The security industry has become a major growth centre in modern post-industrial economies. Private police and security firms; privately run jails and reform schools; prison design and construction; the manufacture of elaborate security technologies (alarm systems, drug-testing, identification procedures, electronic imprisonment); the production and export of police weaponry and riot-control gear: all these provide employment and profit. The crime-control industry forms a domestic version of the military-industrial complex, with a growing stake in the public purse. The panic-fuelled war on crime provides needed jobs and grateful advocates.

Expanding the net
The vast majority of matters dealt with by the criminal-justice system are non-violent, often petty. Prostitution, drug-offences, non-payment of fines, car theft, social-security fraud, loitering, curfew violations, shop-lifting: all these often end in prison sentences (sometimes quite long ones). Criminal justice is being used to keep an increasingly desperate underclass from cheating to survive. The 'three strikes and you're out' legislation in some US states like California guarantees that many three-time (often petty) offenders will be taking up costly prison space for the rest of their lives.

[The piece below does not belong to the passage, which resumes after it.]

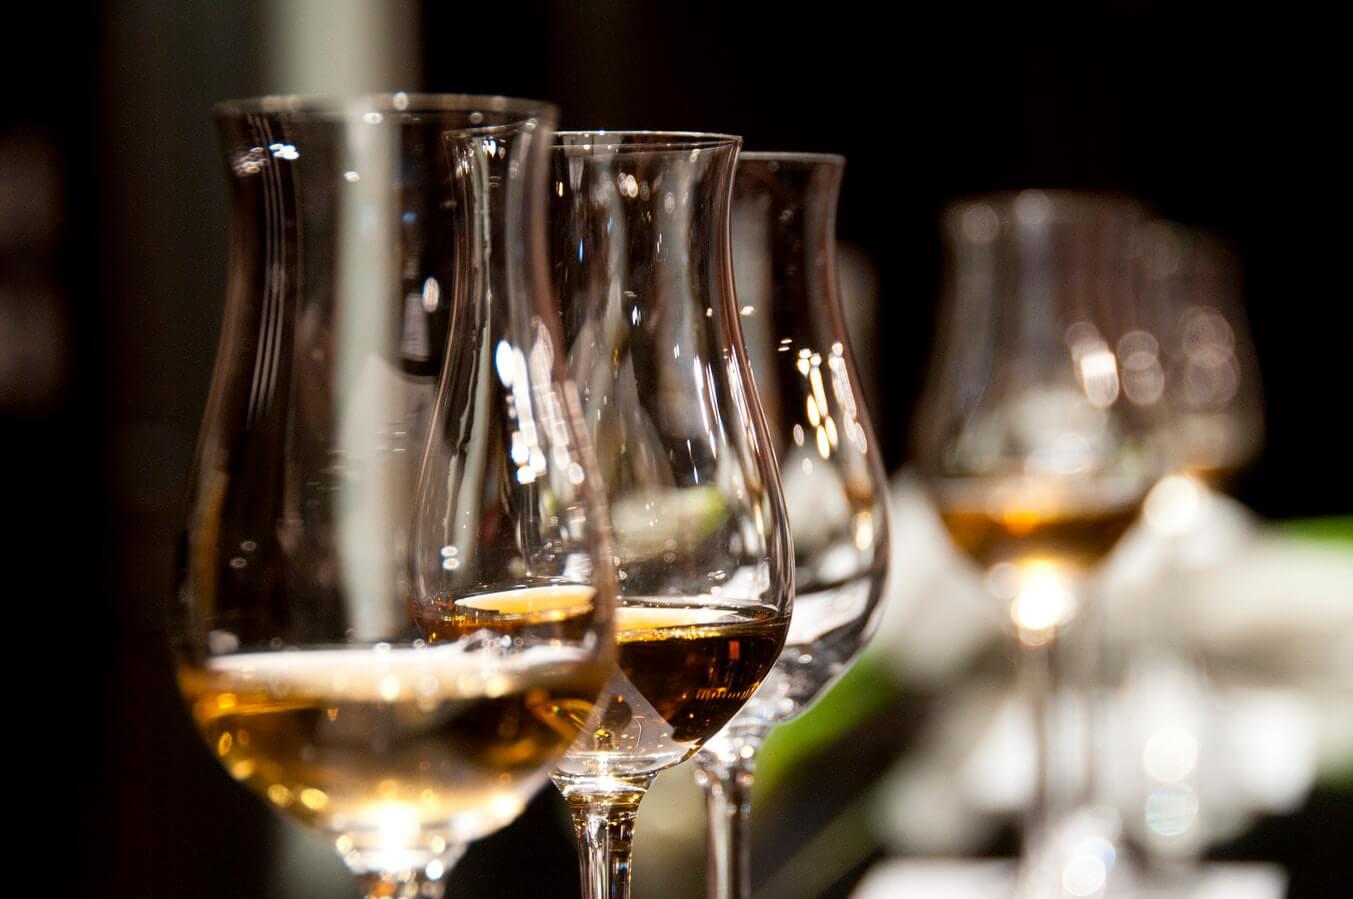 Mood-Setting des Wheel of Spirits zum Thema Scotch & Irish Whisk(e)y

Russia and the US (and probably China) have the largest percentages of people in prison but some Southern countries like South Africa and Singapore are catching up.

The revolving door
More people going to jail means overcrowding in prisons so bad that even the semblance of rehabilitation is being abandoned. Cuts in family-support services, particularly those that protect abused children, ensure a steady stream of 'criminal' material. Prisons are in effect becoming 'schools for crime' in which young offenders graduate to much more serious criminal careers. The inmate culture in most prisons ensures that violent behaviour is needed to survive. Such behaviour leaves the prison with the inmate on release. Hard drug habits are also easy to come by behind bars. The notion that public safety can be guarded by simply 'locking them up' forgets that you may one day meet angry and vengeful ex-inmates on the street.

Social cleansing
Many countries in the Third World cannot afford to keep a large percentage of their underclass in prison - resources are too scarce and the poor too many. Arbitrary policing is the preferred way of dealing with a runaway crime problem. In Latin American countries like Colombia, Brazil and Guatemala this takes the form of 'social cleansing' whereby street youth, homosexuals, prostitutes or other undesirables are arbitrarily executed by police or private-security forces. Sometimes this is done at the behest of local merchants or other corporate clients. Underpaid police sometimes extort money from criminals, merchants and even victims of crime in order to make ends meet. Police often act and are regarded more as an army of occupation than as guarantors of public safety.